Archive for the ‘FCC’ Category

Tuesday, October 16th

Bush Administration Plants Fake News Stories

This should be shocking, but it’s not. There’s nothing these liars won’t do. Laws? They don’t need to abide by our laws!

Federal authorities are actively investigating dozens of American television stations for broadcasting items produced by the Bush administration and major corporations, and passing them off as normal news. Some of the fake news segments talked up success in the war in Iraq, or promoted the companies’ products.

Investigators from the Federal Communications Commission (FCC) are seeking information about stations across the country after a report produced by a campaign group detailed the extraordinary extent of the use of such items.

The report, by the non-profit group Centre for Media and Democracy, found that over a 10-month period at least 77 television stations were making use of the faux news broadcasts, known as Video News Releases (VNRs). Not one told viewers who had produced the items.

Among items provided by the Bush administration to news stations was one in which an Iraqi-American in Kansas City was seen saying “Thank you Bush. Thank you USA” in response to the 2003 fall of Baghdad. The footage was actually produced by the State Department, one of 20 federal agencies that have produced and distributed such items.

Full article at the Independent


Thursday, July 26th

FCC Has No Intention of Reinstating Fairness Doctrine

From YahooNews:

WASHINGTON - The Federal Communications Commission has no intention of reinstating the Fairness Doctrine imposing a requirement of balanced coverage of issues on public airwaves, FCC Chairman Kevin Martin said.

Martin, in a letter written this week to Rep. Mike Pence, R-Ind., and made public Thursday, said the agency found no compelling reason to revisit its 1987 decision that enforcing the federal rule was not in the public interest.

Several Democratic lawmakers suggested that Congress take another look at the doctrine after conservative radio talk show hosts aggressively attacked an immigration reform bill when it was on the Senate floor, contributing to its defeat.

Pence and other Republicans in both the House and Senate countered by introducing legislation to bar the FCC from reinstating the rule.

Under the doctrine, first instituted in the late 1940s, broadcasters could lose their licenses if they failed to give free airtime to opposing sides on controversial issues.

Martin, in his letter, said government regulation was not needed to ensure public access to a wide range of opinion. “Indeed, with the continued proliferation of additional sources of information and programming, including satellite broadcasting and the Internet, the need for the Fairness Doctrine has lessened even further since 1987,” he wrote.
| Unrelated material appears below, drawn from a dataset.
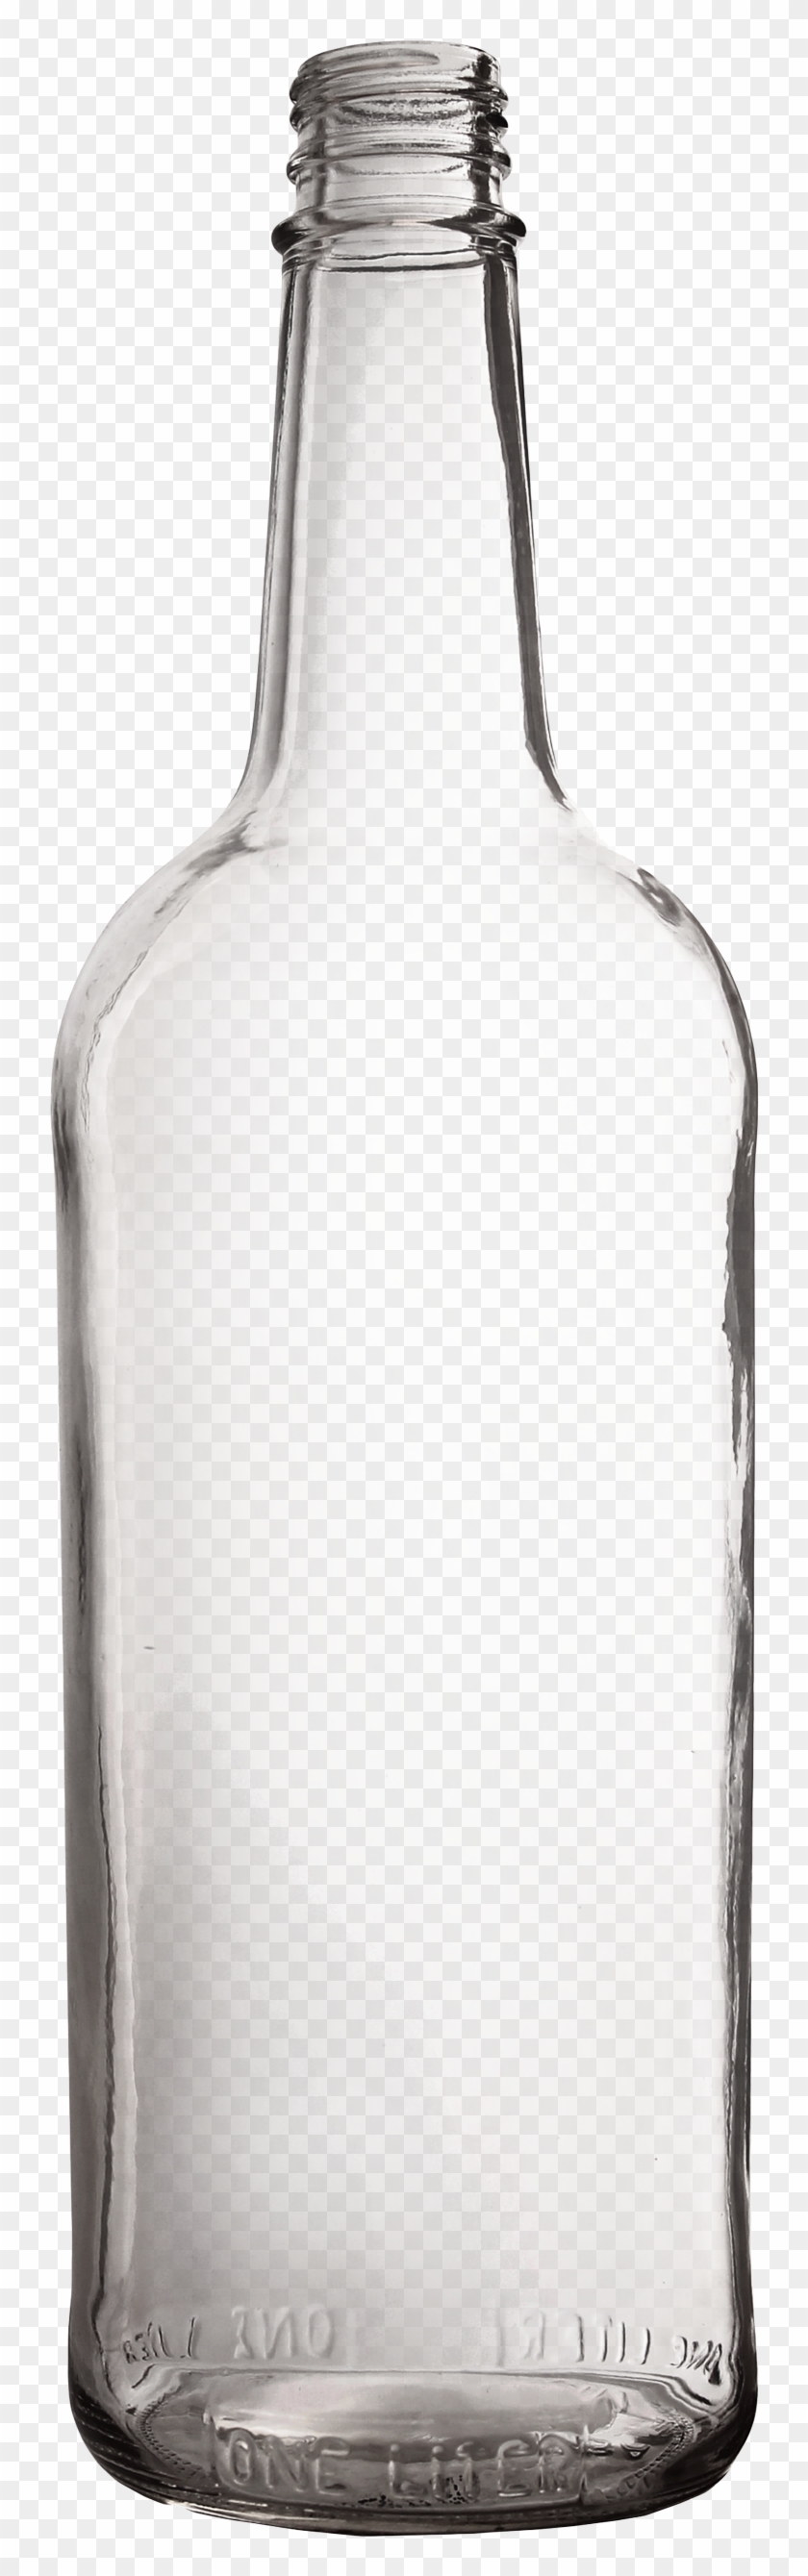 2200 X 2879 - Empty Whiskey Bottles Png Clipart #271376

Pence, in a joint statement with Rep. Greg Walden, R-Ore., welcomed Martin’s position but said Congress should still pass his legislation so that no future administration or FCC chairman could revive the doctrine without an act of Congress.


Tuesday, June 19th

Congressional Leaders Want A ‘No’ On Satellite Merger

By Jeffrey Yorke
from Radio and Records

Six dozen members of Congress signed a letter to FCC chairman Kevin Martin, U.S. attorney general Alberto Gonzales and Federal Trade Commission chairman Deborah Platt Majoras today (June 18) asking that they reject the proposed $13.6 billion merger of Sirius Satellite Radio and XM Satellite Radio because the marriage “would create a monopoly which would be devastating to consumers.”
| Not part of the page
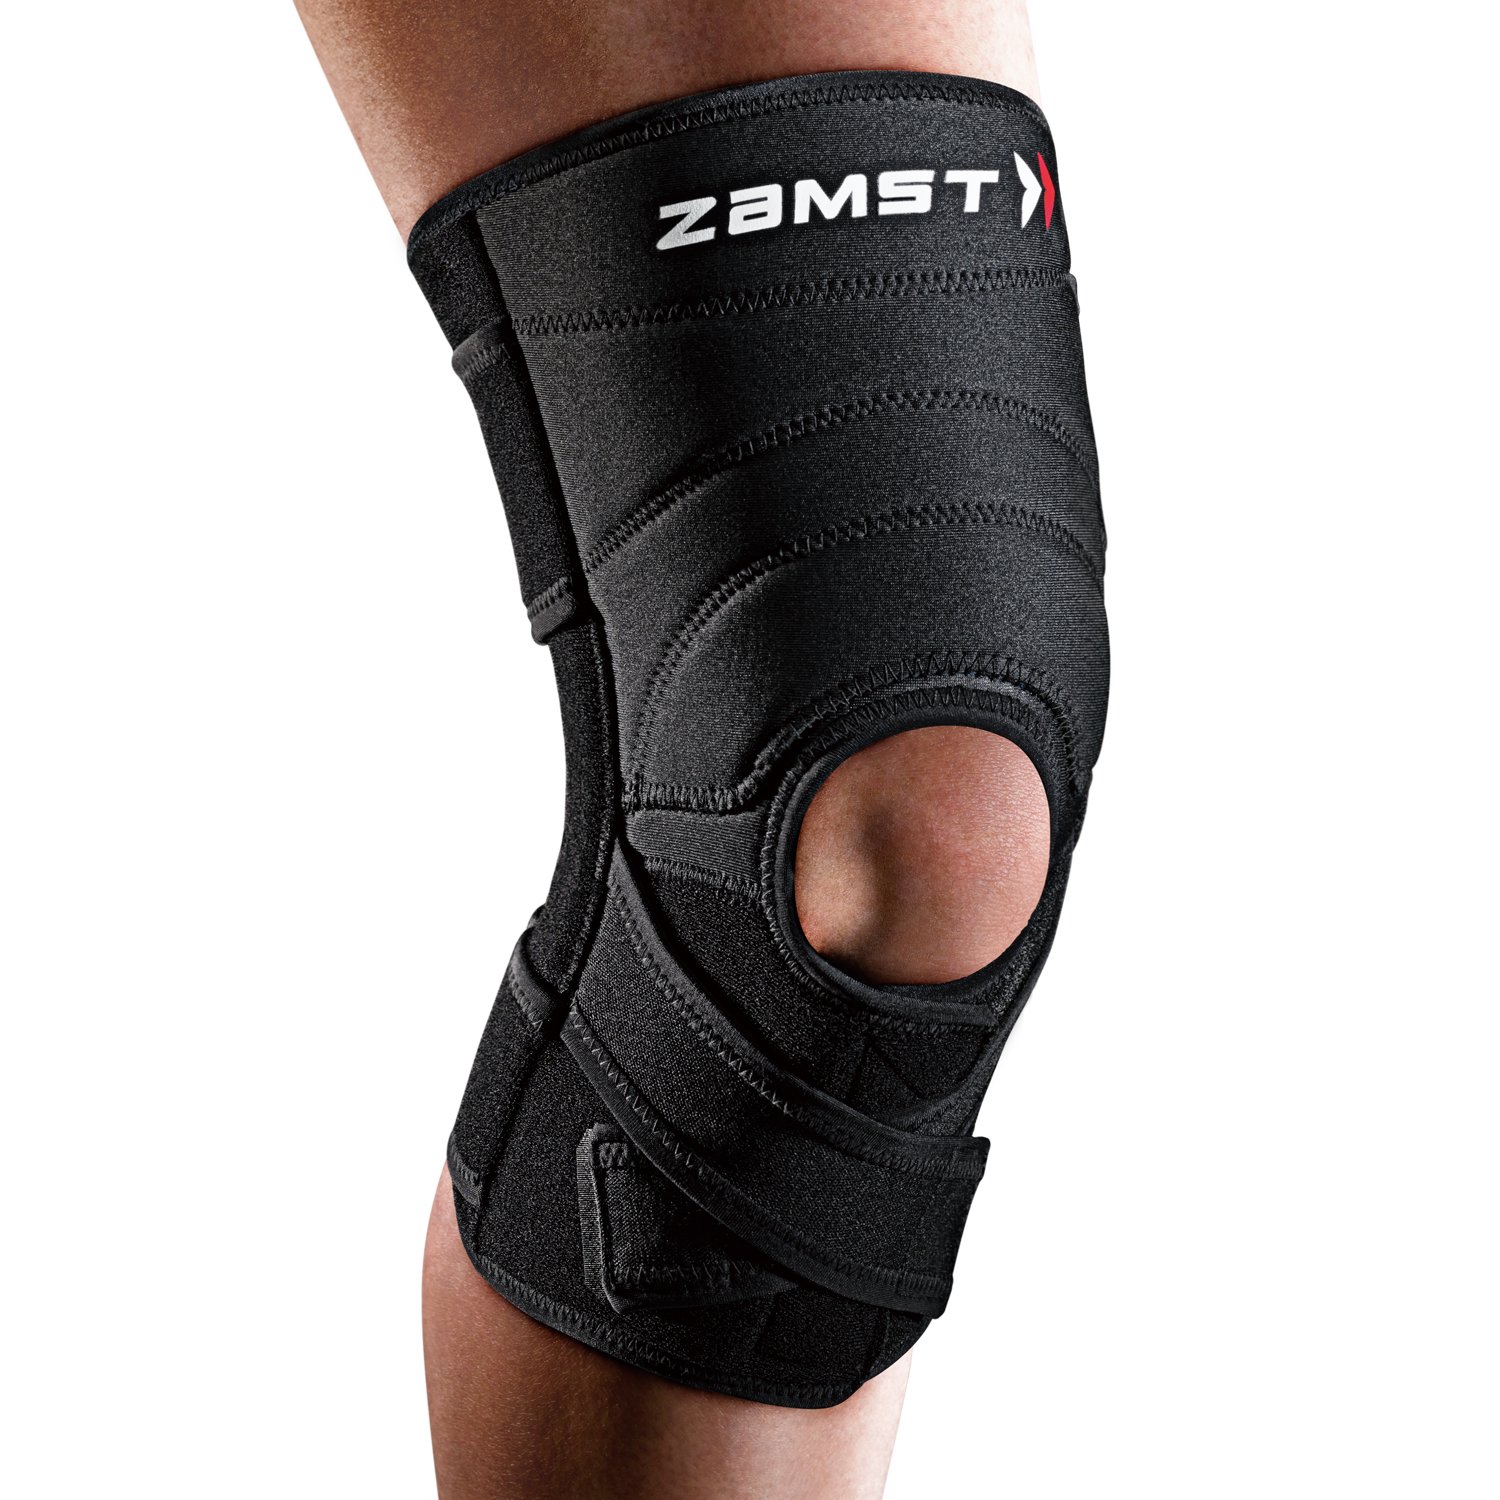 Zamst ZK-7 Sports Knee Brace For Moderate Sprains Of the ACL MCL LCL - Large

The two-page letter, accompanied by another five pages of congressional signatures from such luminaries as former speaker of the house Dennis Hastert (R-Ill.), former broadcaster Greg Walden (R-Wash.), House minority whip Roy Blunt (R-Mo.), Louise Slaughter (D-N.Y.) and Albert Wynn (D-Md.), reminded regulators that when the FCC awarded the two satellite licenses more than a decade ago, the agency stressed that “licensing at least two providers will help ensure that subscription rates are competitive as well as provide for a diversity of voices.”

The letter reminds the regulators that when the licenses were granted, the FCC stated, “Even after [digital audio radio service] licenses are granted, one licensee will not be permitted to acquire control of the other remaining satellite DARS licenses.”

The letter contends that “there is scant evidence that a merger would produce any cost savings that a combined Sirius/XM potentially might pass on to subscribers” and notes that both companies are “locked into numerous long-term expensive arrangements with their most prized talent and programming.” It also says the satcasters face “protracted obstacles” to combining their platforms “because they use different radio encoding technologies.”

The verbiage in the letter, signed first by James Sensenbrenner (R-Ohio) and Gene Green (D-Texas), in many ways resembles the NAB-contracted reports and advertising that have been placed in Capitol Hill publications since Feb. 19, when the merger was first proposed. Green is a sponsor of an NAB-inspired but yet-to-pass bill that aims to prevent satellite radio broadcasters from providing local programming on their repeater networks. A number of the signers, including Sensenbrenner and Wynn, have appeared on panel sessions at NAB’sponsored events in Las Vegas and other cities.

The letter calls on all three regulators to deny the merger and adds, “The FCC has never before allowed the only two competitors in a given market to combine, and we would seriously question an FCC decision to start now.”